8.9 - Further Examples

Example 8-6: Additive Model Section

The Lesson8Ex1.txt dataset contains a response variable, Y, a quantitative predictor variable, X, and a categorical predictor variable, Cat, with three levels. We can code the information in Cat using two dummy indicator variables. A scatterplot of Y versus X with points marked by the level of Cat suggests three parallel regression lines with different intercepts but common slopes. We can confirm this with an F-test of the two X by dummy indicator variable interaction terms, which results in a high, non-significant p-value. We then refit without the interaction terms and confirm using individual t-tests that the intercept for level 2 differs from the intercept for level 1 and that the intercept for level 3 differs from the intercept for level 1.

Video Explanation

Example 8-7: Interaction Model Section

The Lesson8Ex2.txt dataset contains a response variable, Y, a quantitative predictor variable, X, and a categorical predictor variable, Cat, with three levels. We can code the information in Cat using two dummy indicator variables. A scatterplot of Y versus X with points marked by the level of Cat suggests three non-parallel regression lines with different intercepts and different slopes. We can confirm this with an F-test of the two X by dummy indicator variable interaction terms, which results in a low, significant p-value.

Video Explanation

Example 8-8: Muscle Mass Data Section

Suppose that we describe y = muscle mass as a function of \(x_1 = \text{ age and } x_2 = \text{ gender}\) for people in the 40 to 60 year-old age group. We could code the gender variable as \(x_2 = 1\) if the subject is female and \(x_2 = 0\) if the subject is male.

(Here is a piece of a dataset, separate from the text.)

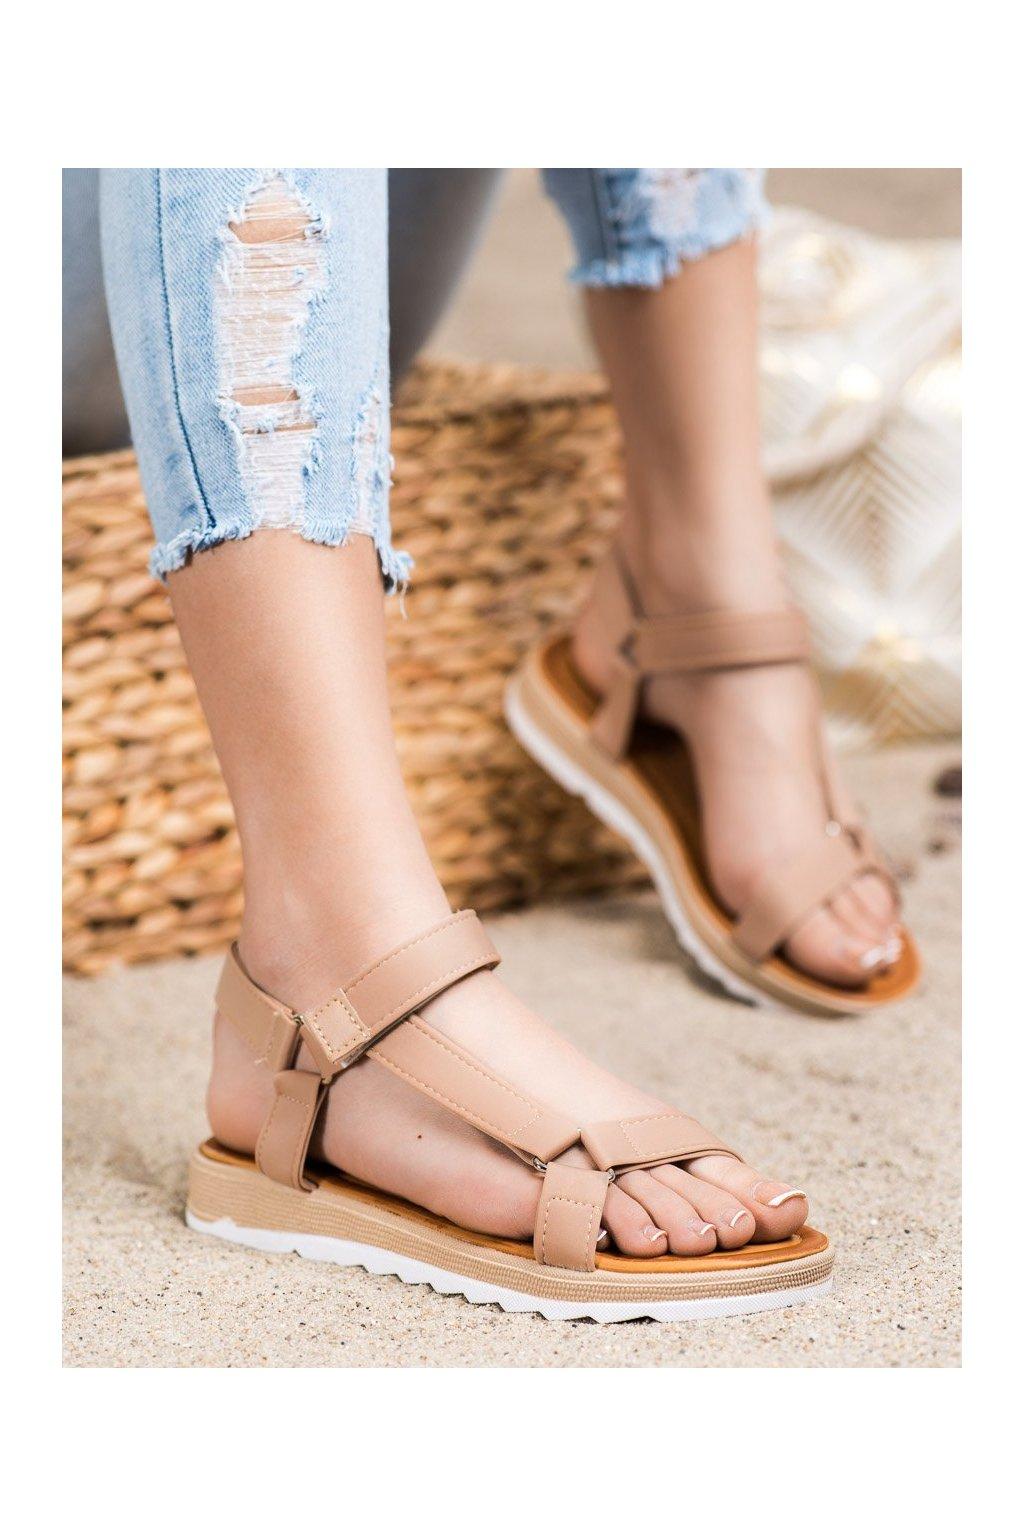 Hnedé sandále Shelovet kod WS9027KH

Consider the multiple regression equation

\(E\left(Y\right) = \beta_0 + \beta_1 x_1 + \beta_2 x_2\) .

The usual slope interpretation will work for \(\beta_2\), the coefficient that multiplies the gender indicator. Increasing gender by one unit simply moves us from male to female. Thus \(\beta_2\) = the difference between average muscle mass for females and males of the same age.

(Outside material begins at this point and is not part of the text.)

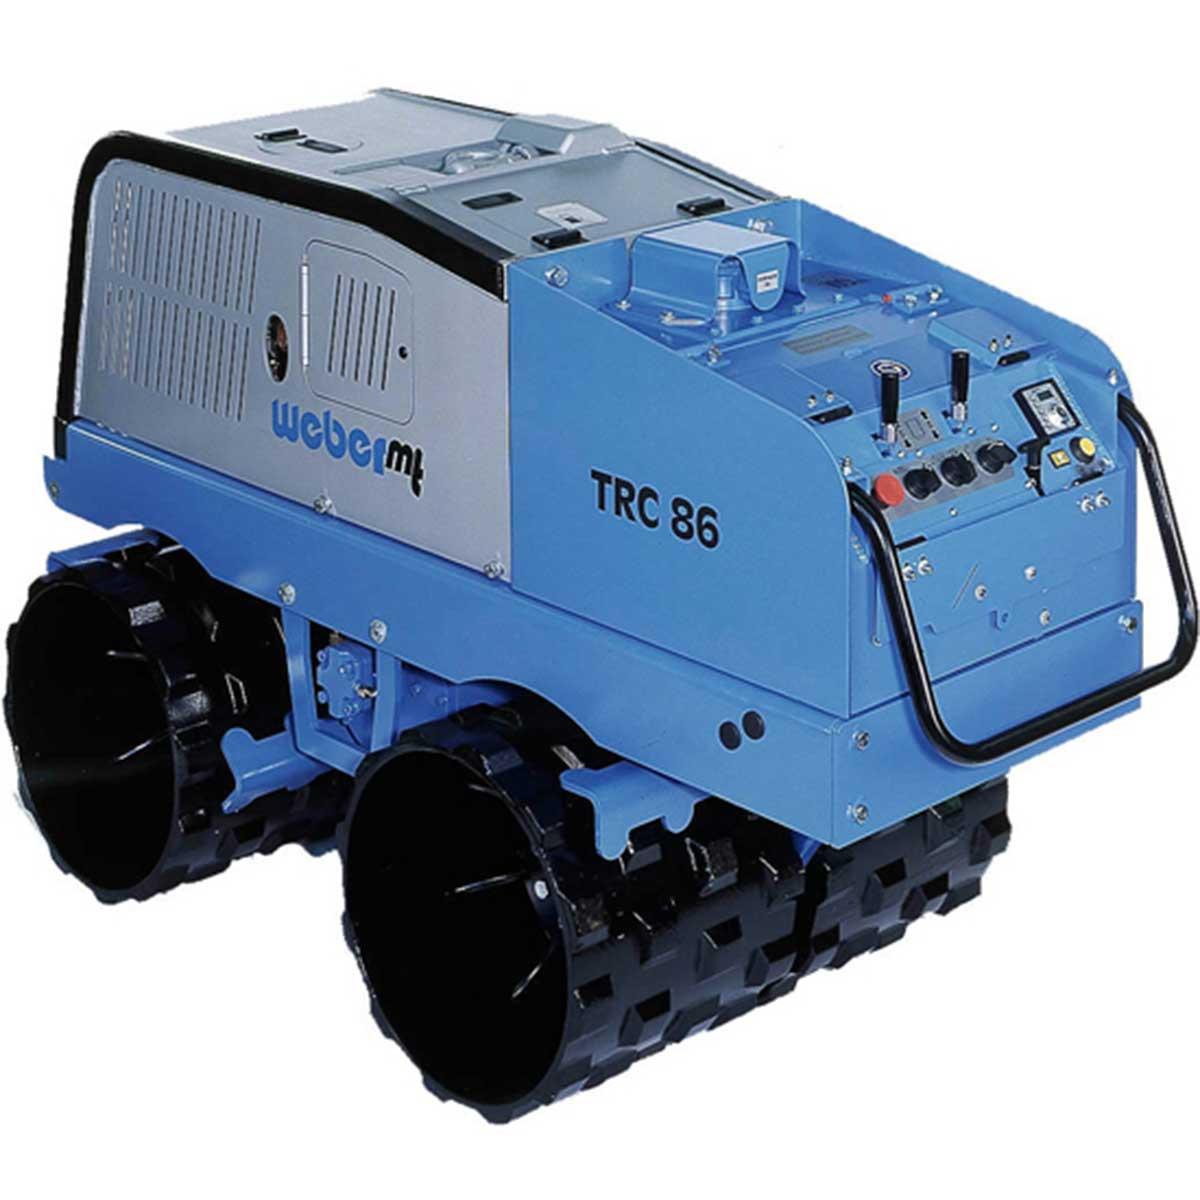 Weber mt TRC Trench Roller Diesel

Example 8-9: Real Estate Air Conditioning Section

Consider the real estate dataset: Real estate data. Let us define

  • \(Y =\) sale price of the home
  • \(X_1 =\) square footage of home
  • \(X_2 =\) whether the home has air conditioning or not.

To put the air conditioning variable into a model create a variable coded as either 1 or 0 to represent the presence or absence of air conditioning, respectively. With a 1, 0 coding for air conditioning and the model:

\(y_i = \beta_0 + \beta_1 x_{i,1} + \beta_2 x_{i,2} + \epsilon_i\)

the beta coefficient that multiplies the air conditioning variable will estimate the difference in average sale prices of homes that have air conditioning versus homes that do not, given that the homes have the same square foot area.

Suppose we think that the effect of air conditioning (yes or no) depends upon the size of the home. In other words, suppose that there is an interaction between the x-variables. To put an interaction into a model, we multiply the variables involved. The model here is

\(y_i = \beta_0 + \beta_1 x_{i,1} + \beta_2 x_{i,2} + \beta_3 x_{i,1}x_{i,2} + \epsilon_i\)

The data are from n = 521 homes. Statistical software output follows. Notice that there is a statistically significant result for the interaction term.

            Estimate Std. Error t value Pr(>|t|)    
(Intercept)   -3.218     30.085  -0.107 0.914871    
SqFeet       104.902     15.748   6.661 6.96e-11 ***
Air          -78.868     32.663  -2.415 0.016100 *  
SqFeet.Air    55.888     16.580   3.371 0.000805 ***
Software note: We would calculate a new variable by multiplying the square feet size and air conditioning variables. That variable would then be used as a predictor variable, along with the original x-variables.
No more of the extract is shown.